Fork of mbed-dsp. CMSIS-DSP library of supporting NEON
Dependents: mbed-os-example-cmsis_dsp_neon
Fork of mbed-dsp by
Information
Japanese version is available in lower part of this page.
このページの後半に日本語版が用意されています.
CMSIS-DSP of supporting NEON
What is this ?
A library for CMSIS-DSP of supporting NEON.
We supported the NEON to CMSIS-DSP Ver1.4.3(CMSIS V4.1) that ARM supplied, has achieved the processing speed improvement.
If you use the mbed-dsp library, you can use to replace this library.
CMSIS-DSP of supporting NEON is provied as a library.
Library Creation environment
CMSIS-DSP library of supporting NEON was created by the following environment.
- Compiler
ARMCC Version 5.03 - Compile option switch[C Compiler]
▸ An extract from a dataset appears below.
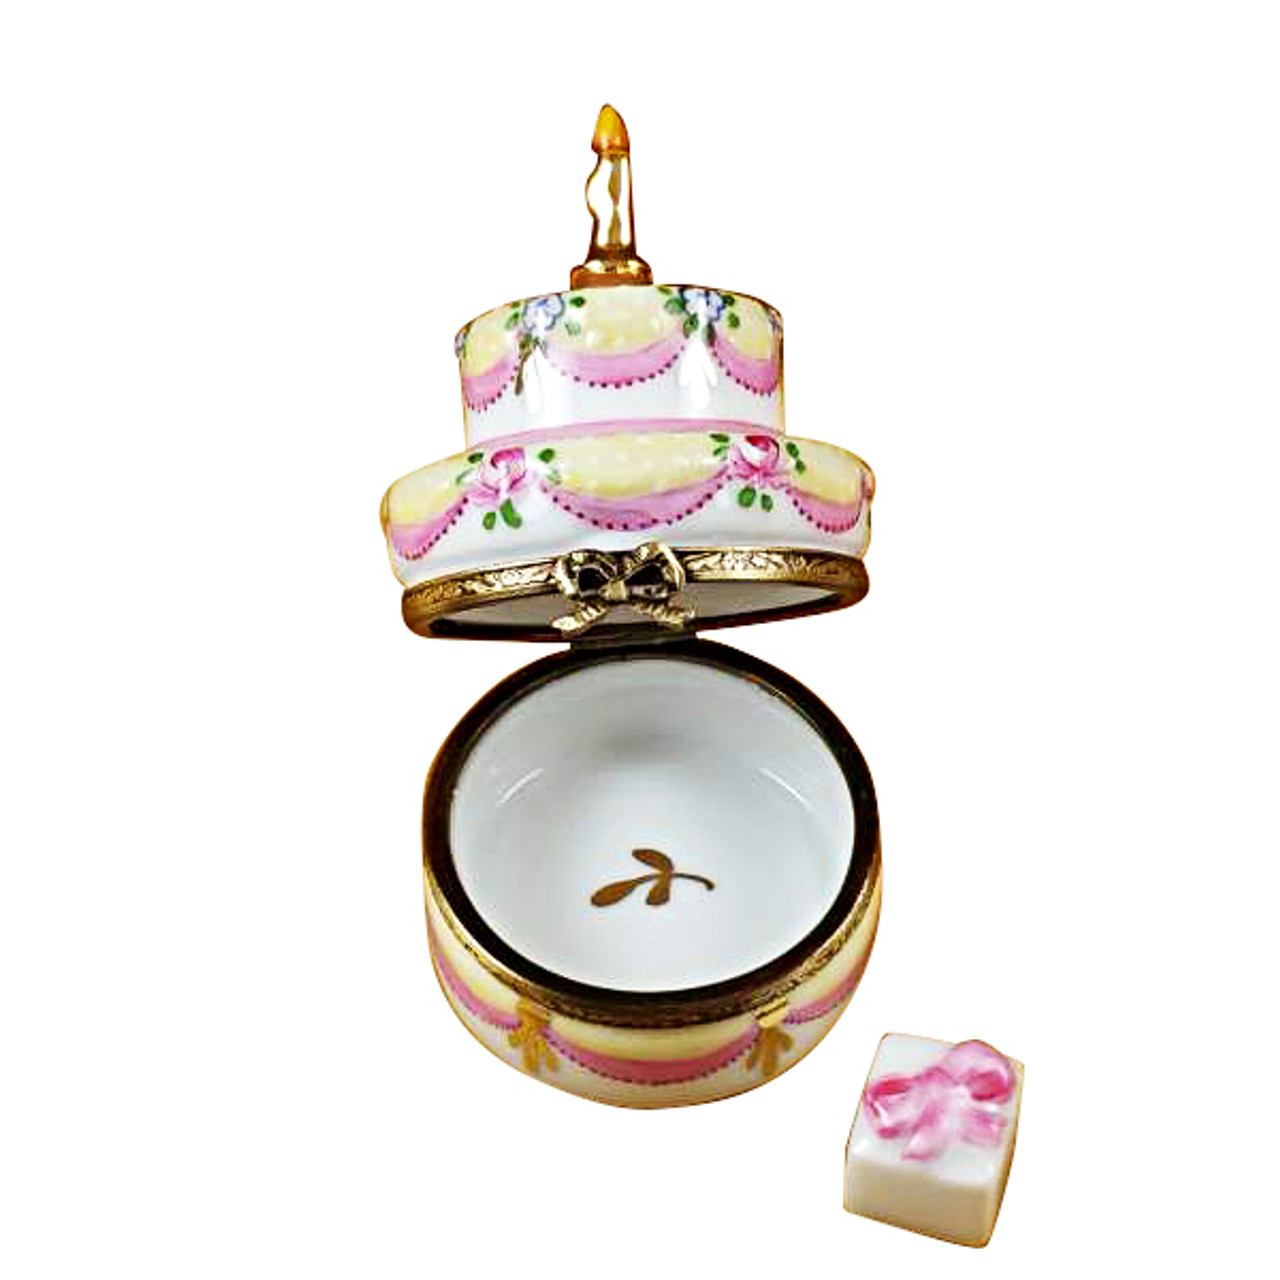 Two Layer Cake With Removable Porcelain Present Rochard Limoges Box

-DARM_MATH_MATRIX_CHECK -DARM_MATH_ROUNDING -O3 -Otime --cpu=Cortex-A9 --littleend --arm --apcs=/interwork --no_unaligned_access --fpu=vfpv3_fp16 --fpmode=fast --apcs=/hardfp --vectorize --asm
- Compile option switch[Assembler]
--cpreproc --cpu=Cortex-A9 --littleend --arm --apcs=/interwork --no_unaligned_access --fpu=vfpv3_fp16 --fpmode=fast --apcs=/hardfp
Effects of NEON support
In the data which passes to each function, large size will be expected more effective than small size.
Also if the data is a multiple of 16, effect will be expected in every function in the CMSIS-DSP.
NEON対応CMSIS-DSP
概要
NEON対応したCMSIS-DSPのライブラリです。
ARM社提供のCMSIS-DSP Ver1.4.3(CMSIS V4.1)をターゲットにNEON対応を行ない、処理速度向上を実現しております。
mbed-dspライブラリを使用している場合は、本ライブラリに置き換えて使用することができます。
NEON対応したCMSIS-DSPはライブラリで提供します。
ライブラリ作成環境
NEON対応CMSIS-DSPライブラリは、以下の環境で作成しています。
- コンパイラ
ARMCC Version 5.03 - コンパイルオプションスイッチ[C Compiler]
-DARM_MATH_MATRIX_CHECK -DARM_MATH_ROUNDING -O3 -Otime --cpu=Cortex-A9 --littleend --arm --apcs=/interwork --no_unaligned_access --fpu=vfpv3_fp16 --fpmode=fast --apcs=/hardfp --vectorize --asm
- コンパイルオプションスイッチ[Assembler]
--cpreproc --cpu=Cortex-A9 --littleend --arm --apcs=/interwork --no_unaligned_access --fpu=vfpv3_fp16 --fpmode=fast --apcs=/hardfp
NEON対応による効果について
CMSIS-DSP内の各関数へ渡すデータは、小さいサイズよりも大きいサイズの方が効果が見込めます。
また、16の倍数のデータであれば、CMSIS-DSP内のどの関数でも効果が見込めます。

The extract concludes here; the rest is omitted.